Does anyone know where I can find out the tides for Johnson's Beach? I've been looking everywhere and can't fine any site that has it for there. The closest I find is Millview. Thanks


----------



## jim t (Sep 30, 2007)

It's going to be within minutes of Pensacola Pass:

http://tides.mobilegeographics.com/locations/4646.html

Jim


----------



## jim t (Sep 30, 2007)

A little more research shows that there's about a 45 minute to almost 2 hour difference between Alabama Point (earlier) and the Pensacola Pass Entrance (later).

Maybe because Alabama Point is a little south of Pensacola Pass (and the Pensacola Pass Entrance point is a little more inside the pass?).

So Johnson Beach should be a little closer Pensacola Pass time call it 15 minutes earlier?

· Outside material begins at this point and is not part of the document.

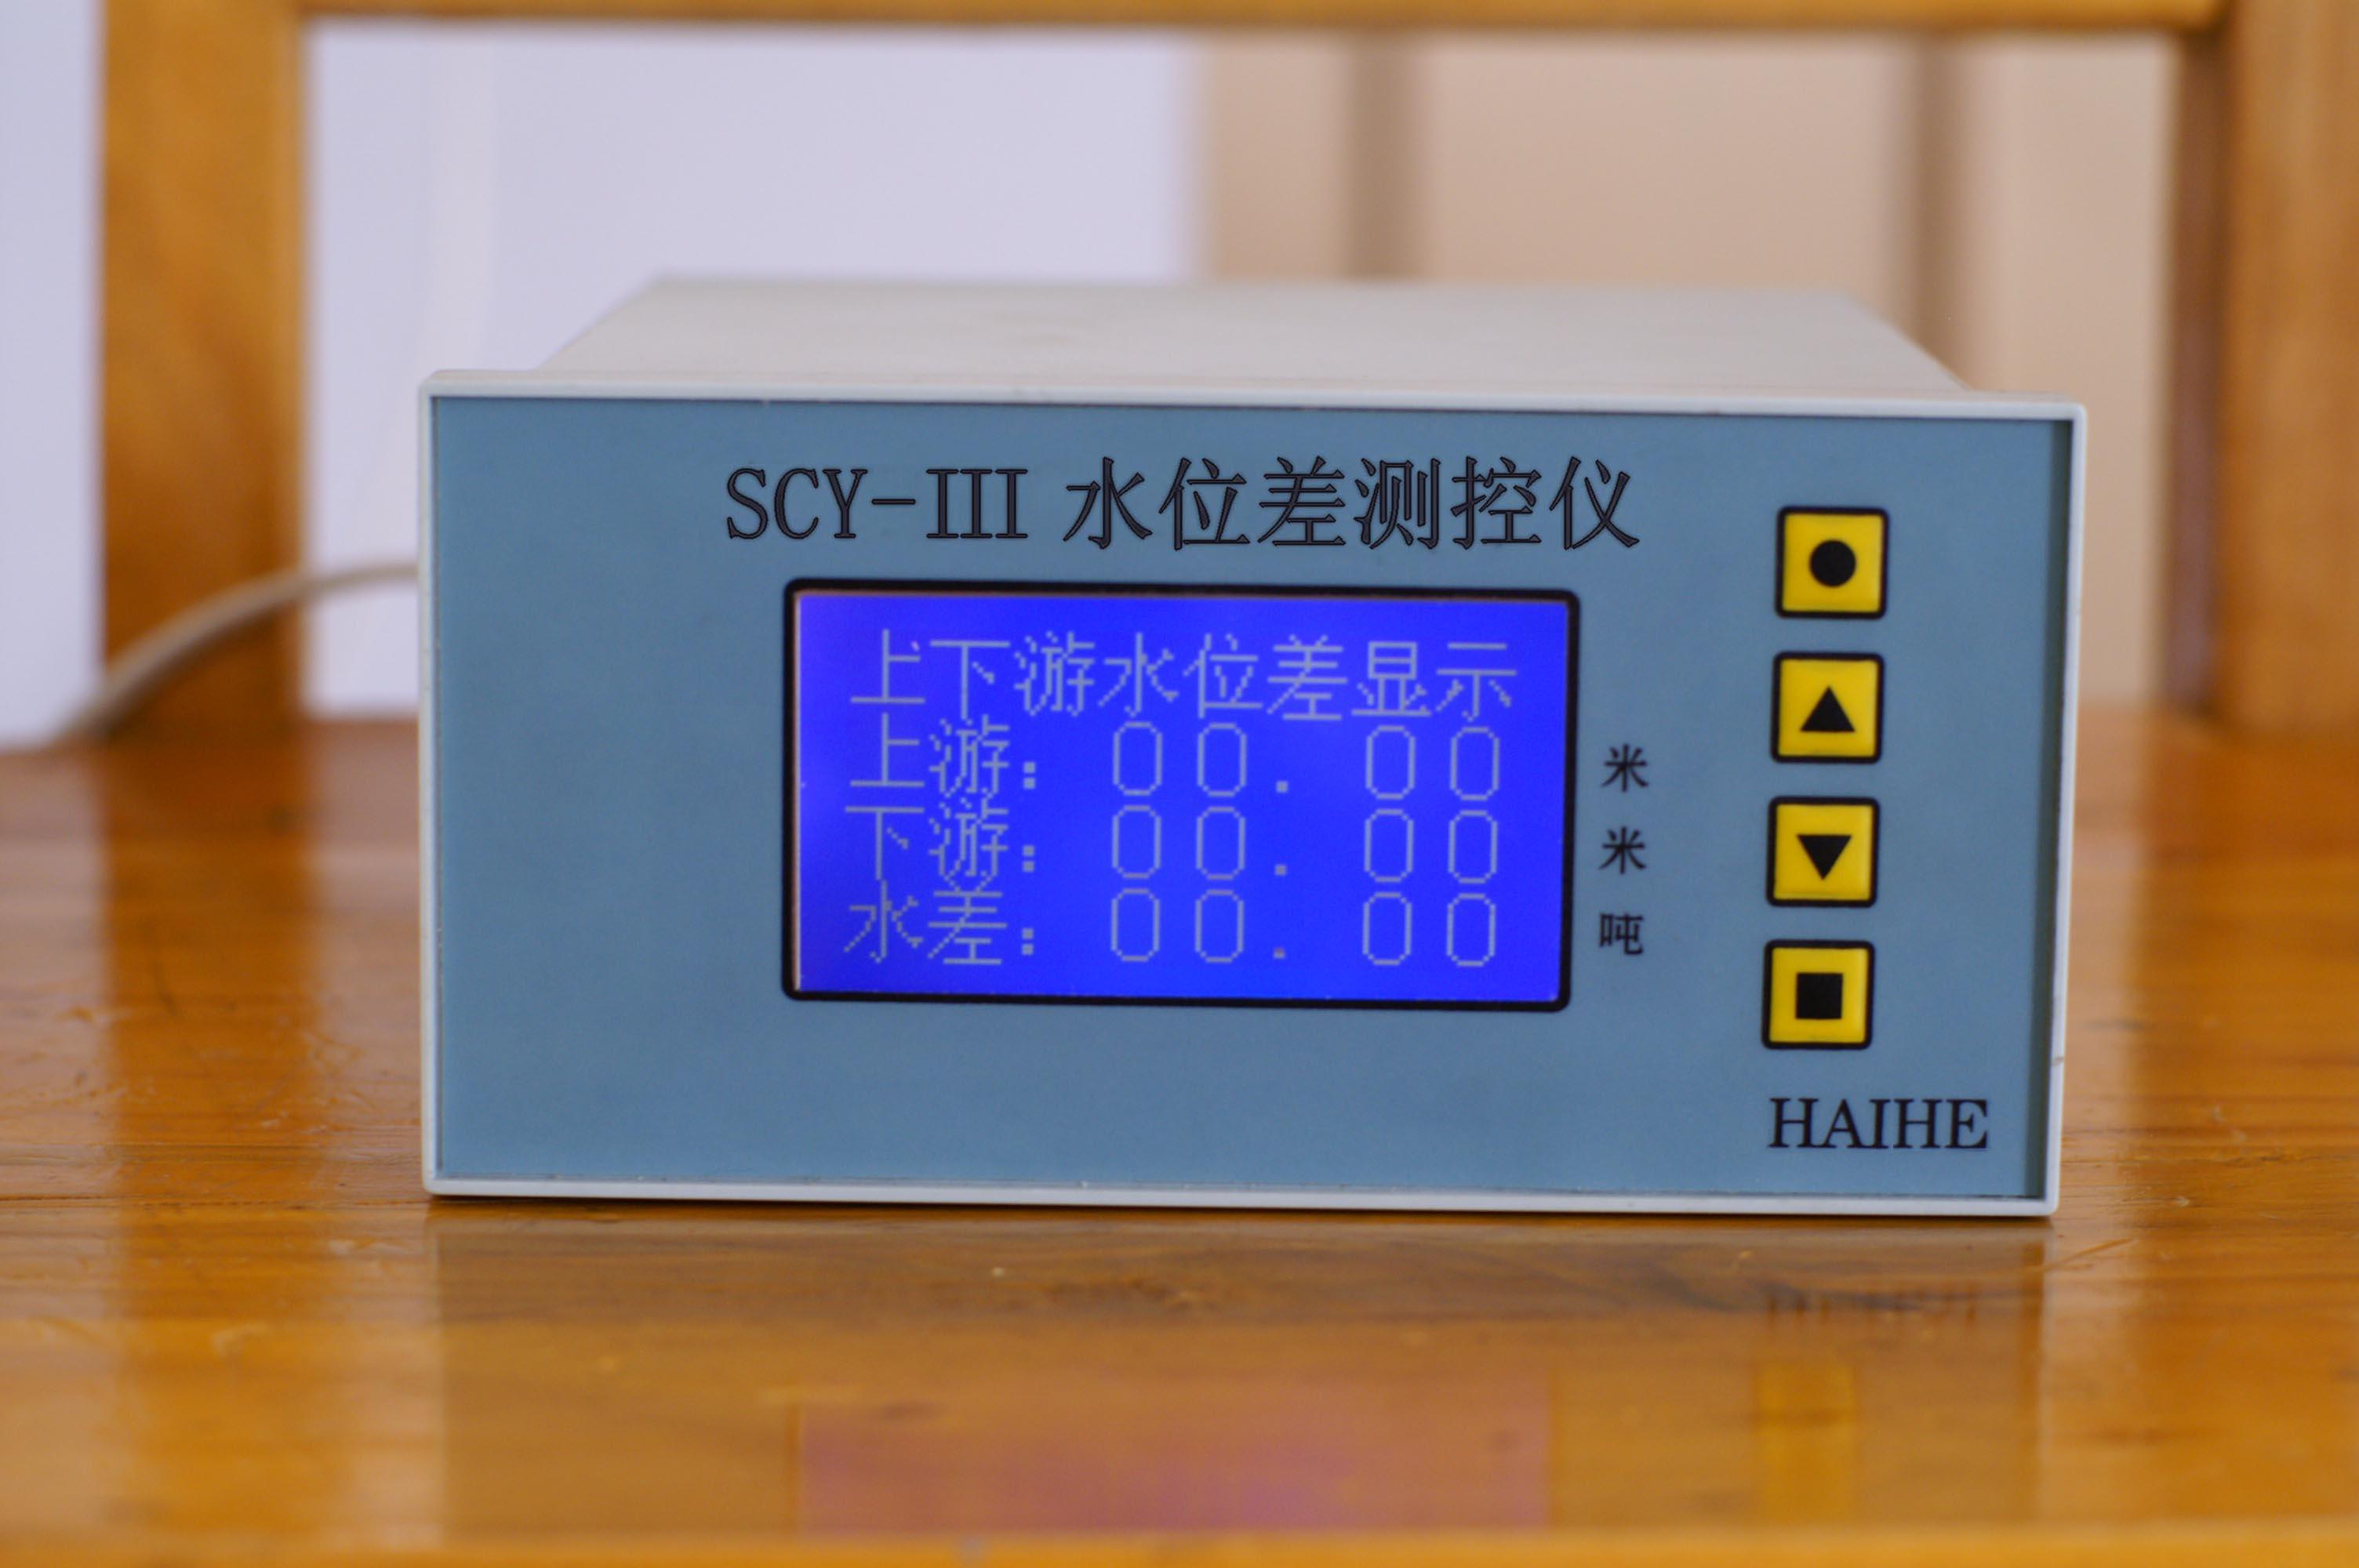 海河SCY-III水位差仪，液晶中文显示屏

http://www.tide-forecast.com/locations/Alabama-Point-Perdido-Pass-Alabama/tides/latest

http://www.tide-forecast.com/locations/Pensacola-Bay-Entrance-Pensacola-Bay-Florida/tides/latest

But somewhere between the 2 points closer to Pensacola Pass.

Jim

Jim


----------



## Bigkidneys (Jul 14, 2011)

If you have an iPhone check out the app tide graph. It has both perdido pass and Pensacola pass and is pretty much on point most of the time. It's all I ever use.


----------



## bwise (Apr 8, 2012)

Would that be the same for the gulf side and ICW side of Johnson's?


----------



## jim t (Sep 30, 2007)

No, the ICW tide will be LATER than the pass since a tide "floods" then "ebbs" Figure an hour or so

You can run your own meter for your favorite spot. Show up just at the high tide for the pass and put a stick in the water into the sand just in the water and keep an eye on it.

You can watch the tide come up then peak, then begin to recede. When it's on the ebb, (the stick shows an obvious wet line that no longer gets wet with small waves) note the time. Just use that for your correction. It'll be off a little depending on the strength of the tide.

Obviously a nice calm, no wind day would be best.

I believe your high tide will be LATER than the pass, your low tide will be BEFORE the pass.

Jim


----------



## bwise (Apr 8, 2012)

Ooo ha common sense eh , but thanks and the gulf side would be the opposite.


----------